Disclaimer: I don't own Ben 10 or any of the implied things in this piece of shit because a mother fucking dumbass of shitland. (I like cussing randomly)

Warning: Will contain some crappy angsting and implying gay shit.

This is in Ben's POV okay so it in first person. And this is a one shot that summarizes Ben and his addictions (not in anyway connected to the series I just made them up) so it's short. I should really be working on my other stories.

I don't remember when this began or how it did. However, I don't really care anymore. I know I'm slowly rotting away from the inside out for my stupid mistake. But it just feels so good that I can't stop myself. All I want is to fulfill my sinful desires.

My grades are beginning to fall everyday that passes. Grandpa Max and Gwen are beginning to question my sudden drop in grades and were I disappear to after school is over. Gwen even cornered me once, trying to force the answers out through my lips. But I won't utter those sinful words, they are my own dirty little secret. My connections with them began to become so strained that only a small piece of thread connected us now.

I don't care about everything else now. All I want is him and "it". I know what I do in order to get "it" is wrong, but truthfully I love it. I literally sell my body to him just so I can get even a at least a bit of a taste of my new addiction. He is were I hide when the day is over. He is my strongest sinful desire. Inside I know I should stop, I know this won't ever work and it shouldn't exist. But I can't stop the addiction is stronger than I'll ever be able to handle.

Every night since this slip in my judgment occurred, I came to our little place to satisfy my craving greed. But I'm not alone in this sin, I see the very same addiction in his eyes when I look at him. He feels the same as I do. We both don't dare reveal our secrets to outside world. We lock ourselves in our own little world just him and me.

This can't be love just only lust. We just use one another to fulfill our wants. I know I don't deserve the thing called love. Not after I took the plunge into the deep abyss. But I'll never be able to blame him for my new obsessions and dark corruption. For I believe that deep inside I've always had this obsession just buried to deep to see.

After he's done with me he finally gives me what I came for. As I take it, the world begins to blur and my mind goes numb. I watch as he smirks at my ridicules state, but I can't think straight anymore and my world begins to melt away. But I don't mind, my desires have been fulfilled for that one moment and that's all I've wanted. He soon joins me in my utopia and we continue our sinful dance throughout the night.

Daylight creeps into our little haven where no one knows exists and awakens me. I open my eyes to the light only to be blinded for a few moments. I see that he continues to sleep on top of me, exhausted from nightly activities. I love these serene moments when it seems there are no others and just us two. Except, looks can be deceiving. This is only a mask over our pains.

I quietly crawl out from underneath him to take a warm shower to relax my muscles. As I stood in the shower stripped of any cloth, he came in. He wraps his arms around my waist in an intimate gesture. But I know this would never work and a lone tear escapes the chamber of my eye mixing in with the cascading water. I know my dark wish is to be his lover and not his play toy, I'm not oblivious to this wish.

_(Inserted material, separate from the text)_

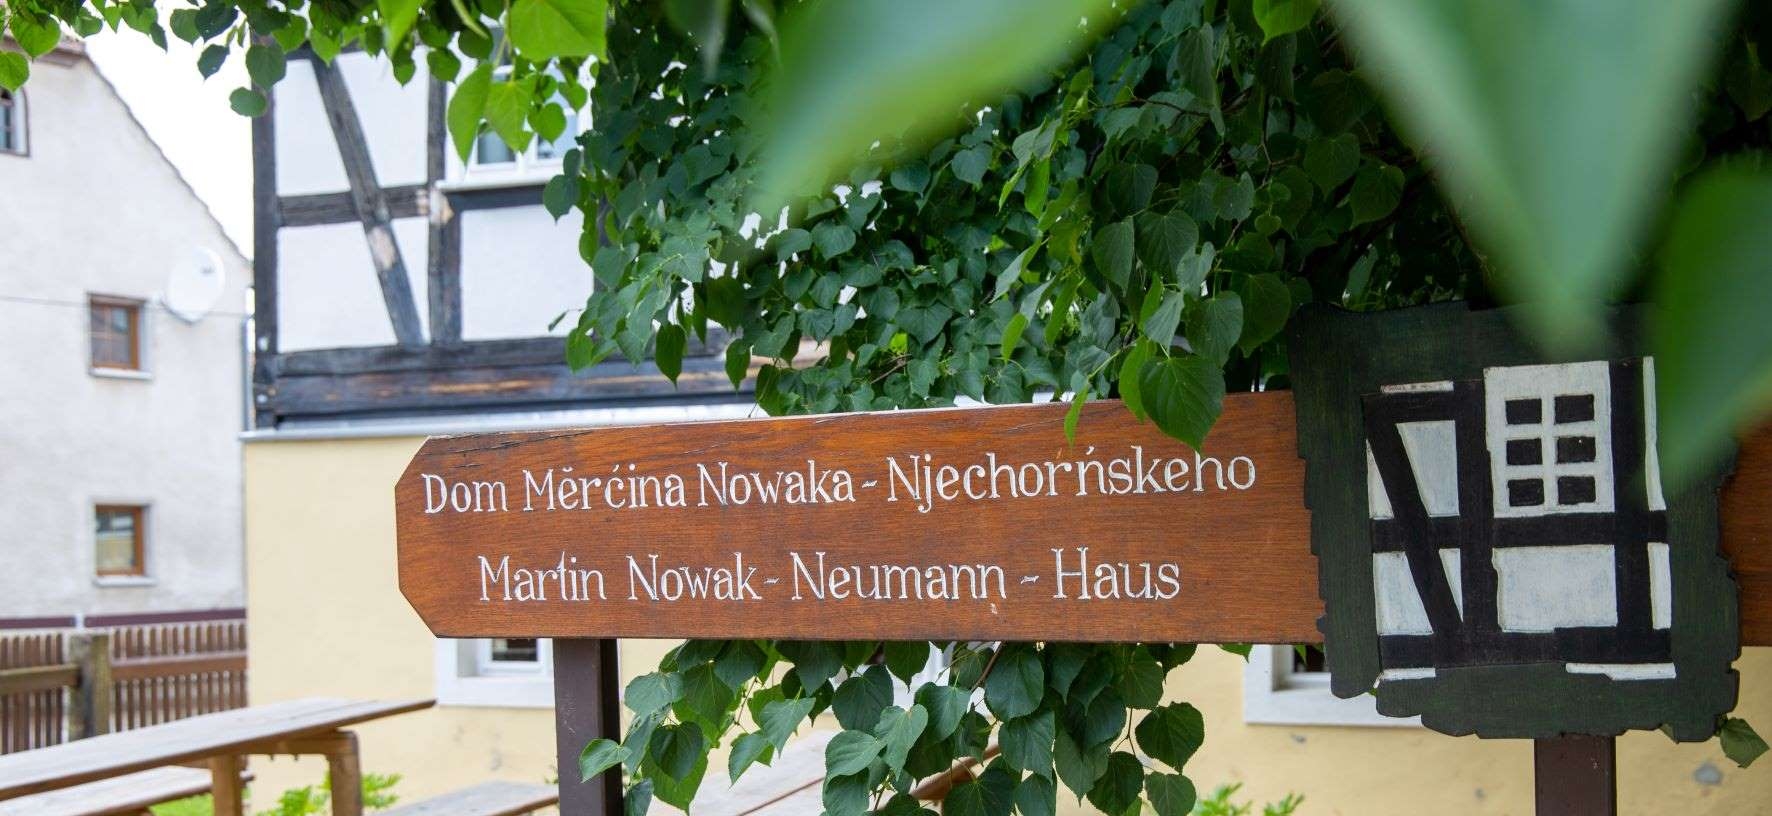 Digitaler Rundgang durchs Martin-Nowak-Haus in Nechern

I quickly change for school after I dry myself off. I get ready to ride off on my bike when I feel his eyes on the back of my head. I can tell that he's watching me leave the place from the doorway to our secret. I don't look back, I just can't make myself look into his eyes and find things I don't want to see. So I ride off towards school leaving him behind to restart our little sinister cycle. I don't know if it will ever stop moving in a never-ending circle or even if I truly wish this to stop. Sometimes I think maybe some supernatural being out there wants us to be together.

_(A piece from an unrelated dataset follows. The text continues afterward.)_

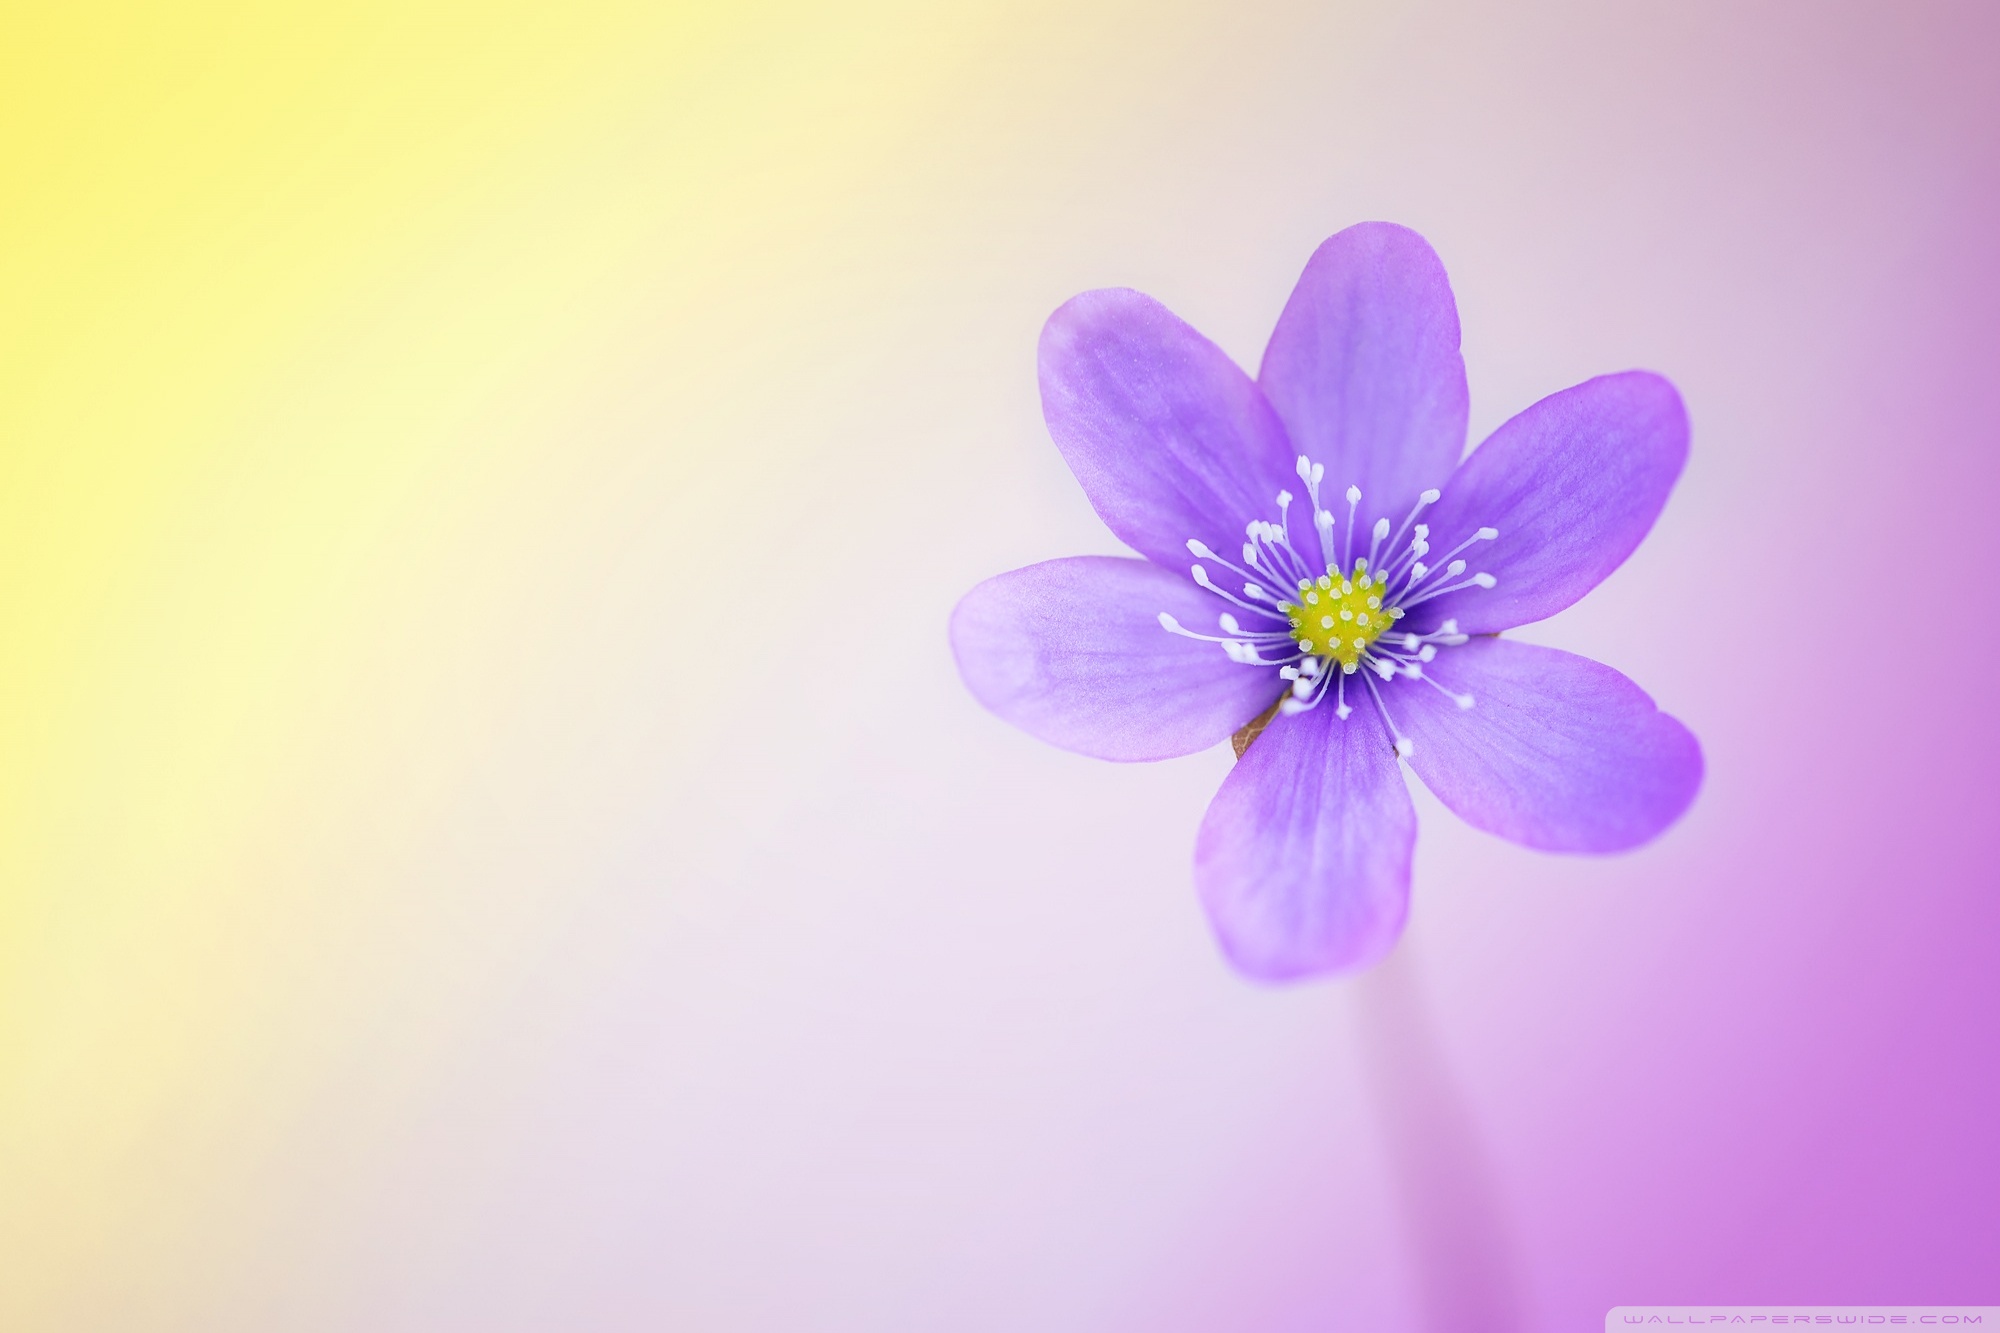 Wallpaperswide Com - Hd Cute Flower Desktop - HD Wallpaper

And other times I just think I'm being greedy.

Author Note: Just so there is no confusion, Ben is addicted to drugs (Kevin got him hooked on it but not that addicted as his other addiction) and Kevin (in the lust sense, I guess). I got this idea because I had to take notes in my Biology book on a section talking about drugs and the nervous system.

This story implies that Ben gives himself to Kevin as a "fuck toy" as payment for the drugs, but he likes it of course (and so does Kevin). This happens during Alien Force but with grandpa. I'm sorry if I made him OOC I haven't watched most of Alien Force and half or less of Ben 10. And I actually wrote this story during lunch!!